Schrage, a researcher affiliated with both the MIT Center for Digital Business and Imperial College’s Innovation and Entrepreneurship Group, has written a new e-book with that title, and he argues that this question distinguishes companies that have authentic innovation to offer from those that don’t. (If your answer is, in effect, “We want our customers to become people who buy more of the stuff we sell,” then you’re in sales, not innovation, Schrage asserts.)

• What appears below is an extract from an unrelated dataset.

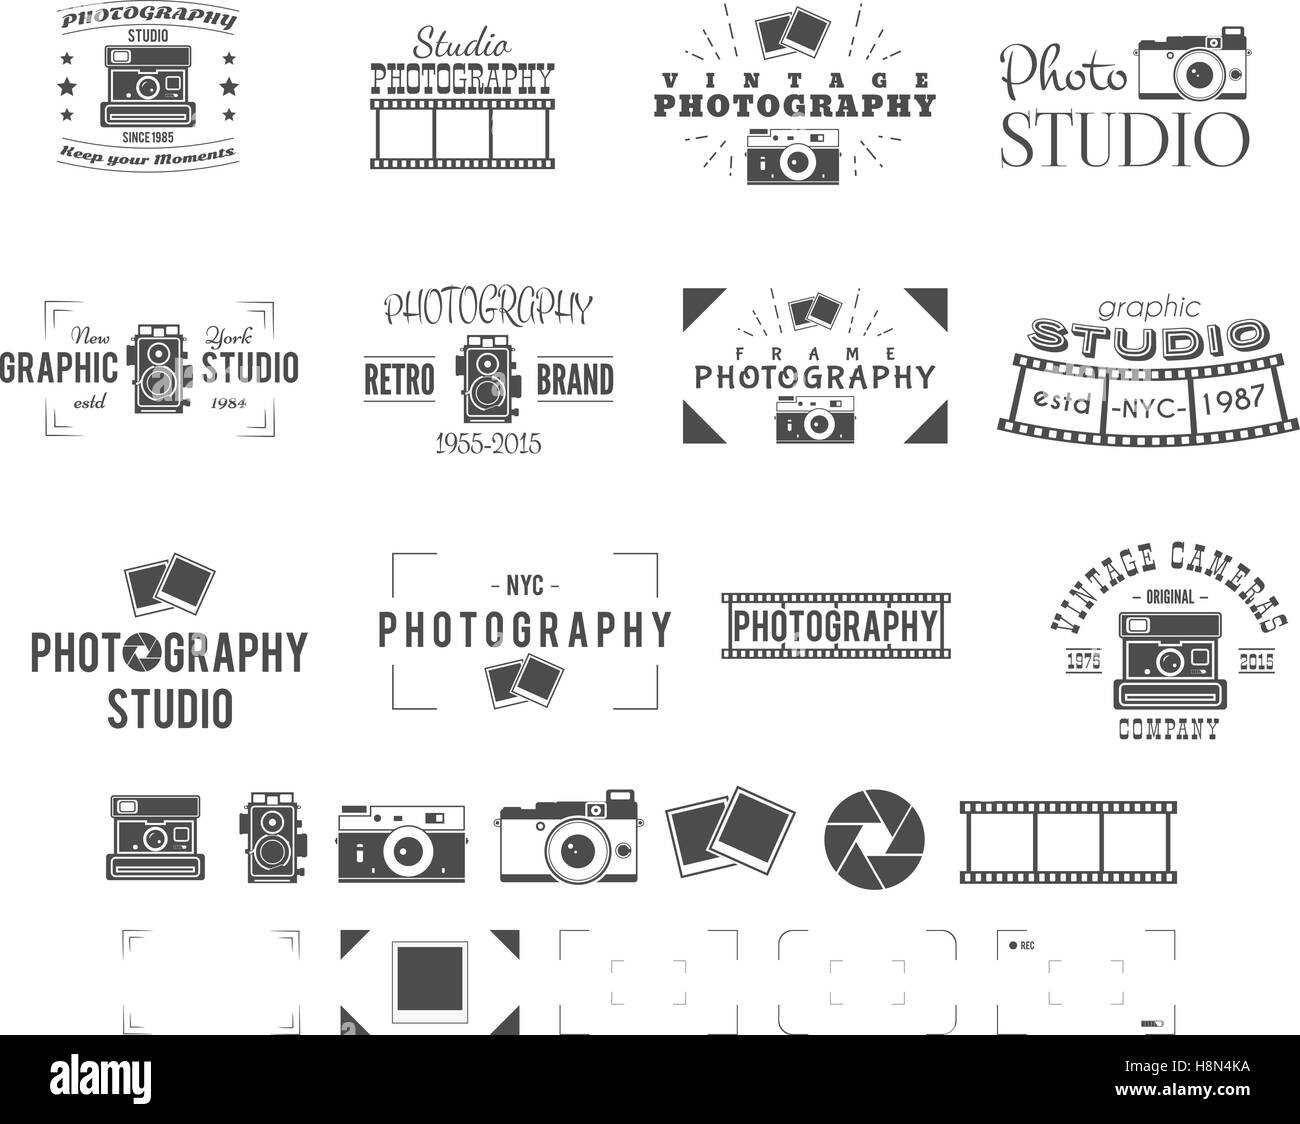 Photography logo templates set. Use for photo studio, old cameras equipment store, shop etc. Photographer symbols included - retro cameras, frame and other elements. Vector. Stock Vector

I spoke recently with Schrage in Cambridge’s Kendall Square, and here’s a bit of what he told me about his question and his thinking about innovation these days.
- Successful innovations change the people that use them. Innovation is not just about adding new value, says Schrage, but about how you transform users. Consider, for example, how Google has transformed hundreds of millions of ordinary people into people who conduct information searches that, in turn, improve Google’s own algorithms and abilities at search. Or think about how your smartphone — or Facebook account — has changed you and the way you behave.Whether a successful innovation was from an earlier era, such as Henry Ford’s Model T, or involves contemporary technology, a common denominator is that successful innovation changes people’s perceptions and behaviors.
- Innovative companies can create customers who are more valuable to them.“I believe that a failure of modern microeconomics has been overweighting the importance of human capital within the organization — and underweighting its importance outside the organization,” Schrage said. In other words, he argues that traditional economic thought has conditioned us to think too often of the interactions between companies and their customers just as simple exchange transactions.In reality, the interaction between innovative companies and their customers is more complicated. Innovations aren’t just exchanges, they’re investments that make customers and clients more valuable.For instance, Schrage sees Starbucks as a company that has created customers who are coffee connoisseurs — and that change in consumers’ attitude toward coffee makes them more valuable customers to Starbucks. Innovative companies should think in terms of investing in customers, according to Schrage, and ask: How does our innovation transform our customers in ways that make them more valuable to us?
- One key challenge is aligning the way you’re seeking to change customer behavior with what customers themselves want. How you’re seeking to change behavior and what customers want don’t have to be precisely identical, but they do need to be aligned.For example, Schrage offers Southwest Airlines as an example of company that changed its customers’ behavior: Instead of expecting assigned seats, Southwest customers know that they will line up in groups and then board the plane by group. This change in behavior probably isn’t something Southwest customers sought for its own sake, but it enables quicker boarding and thus a more efficient use of planes — which contributes to the low-cost, high-reliability service Southwest customers do want.
Schrage is actively looking for comments on his innovation framework so he can incorporate that feedback into the next edition of his e-book.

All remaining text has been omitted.